January 10, 20252 min read
Building Production RAG Systems: Lessons from the Trenches
A deep dive into building retrieval-augmented generation systems that actually work at scale, covering architecture decisions, embedding strategies, and production pitfalls.
RAG LLM Production ML Vector Databases
Building RAG systems that work in demos is easy. Building RAG systems that work in production is a different story entirely.
After deploying multiple RAG systems at scale, I've learned that the gap between a working prototype and a production system is enormous. Here's what I've learned.

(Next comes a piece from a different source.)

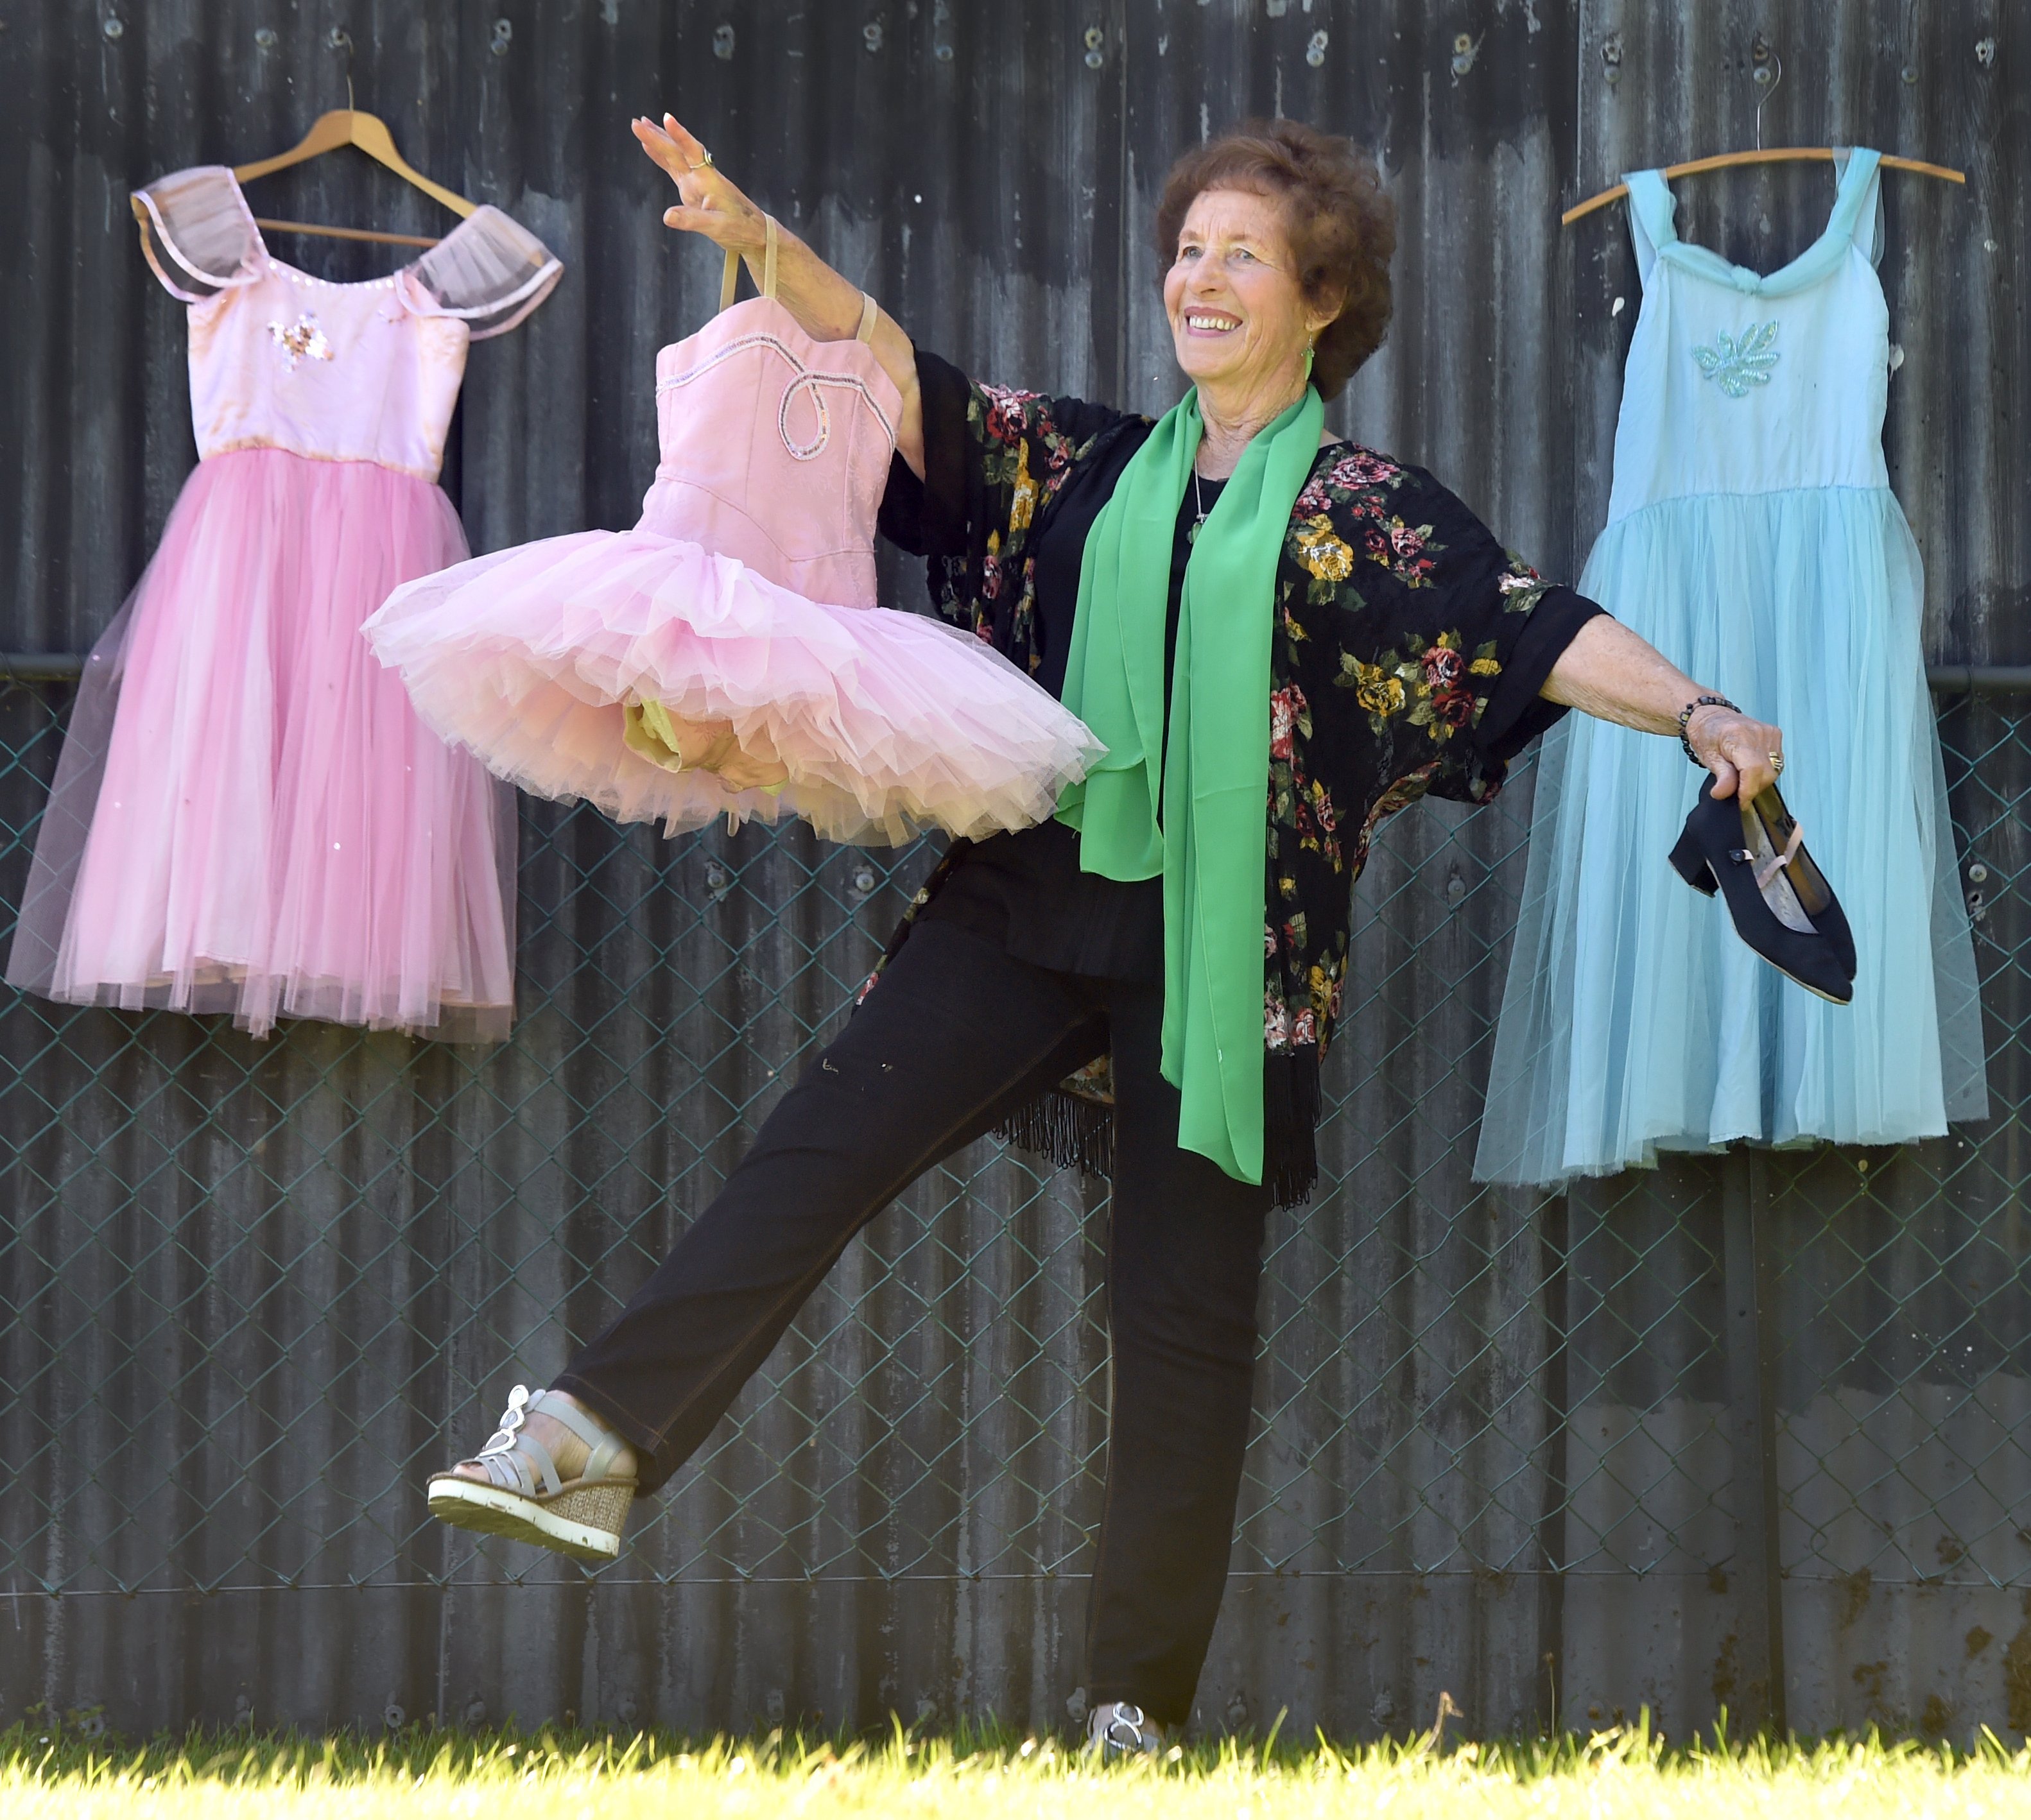 Lorraine Fodie has retired after teaching thousands of children to dance. PHOTO: PETER MCINTOSH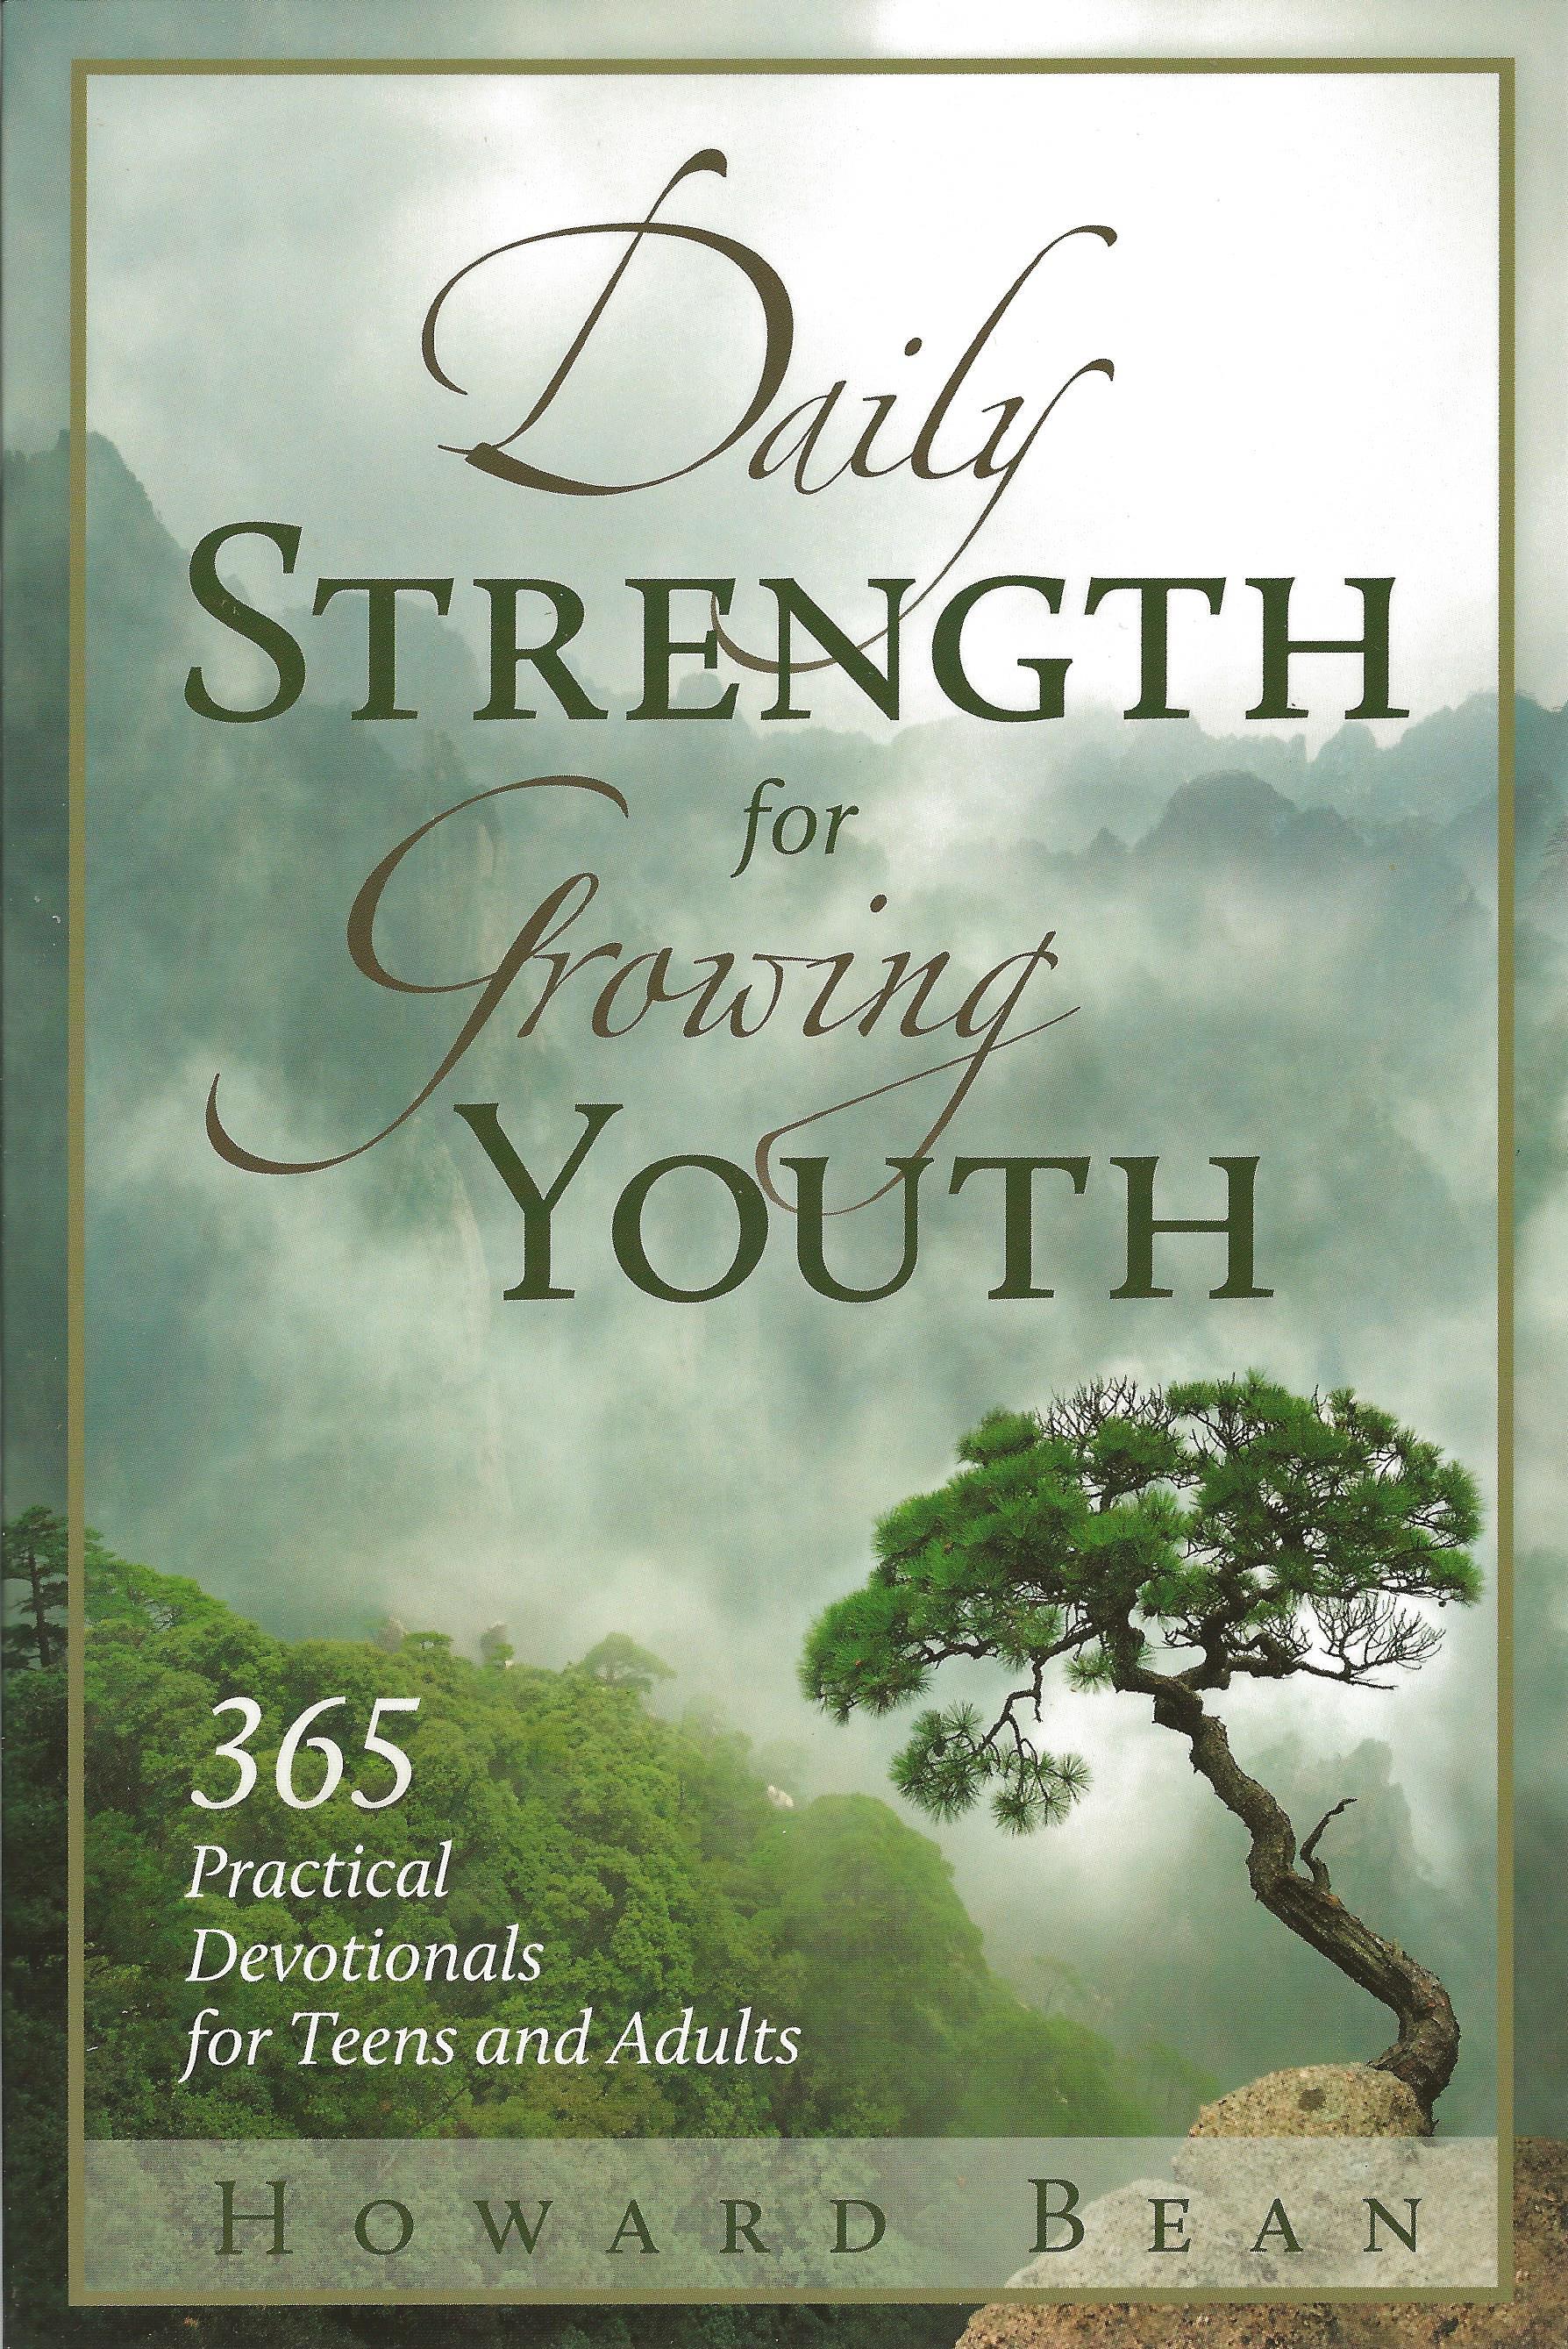 DAILY STRENGTH FOR GROWING YOUTH Howard Bean - Click Image to Close

## The Architecture Decision
The first critical decision is your retrieval architecture. There are three main approaches:
1. **Naive RAG**: Simple semantic search + LLM generation
2. **Advanced RAG**: Query rewriting, reranking, and hybrid search
3. **Modular RAG**: Composable pipeline with specialized retrievers
For production systems, I strongly recommend starting with Advanced RAG and evolving to Modular RAG as needed.
## Embedding Strategy
Your embedding model choice matters more than you think. Here's my hierarchy:
- **General purpose**: text-embedding-3-small (OpenAI) for most use cases
- **Domain specific**: Fine-tuned embeddings for specialized vocabularies
- **Multilingual**: multilingual-e5-large for multi-language content
## Production Pitfalls
### 1. Chunk Size Matters
Too small = fragmented context. Too large = diluted relevance.
Sweet spot: 512-1024 tokens with 50-100 token overlap.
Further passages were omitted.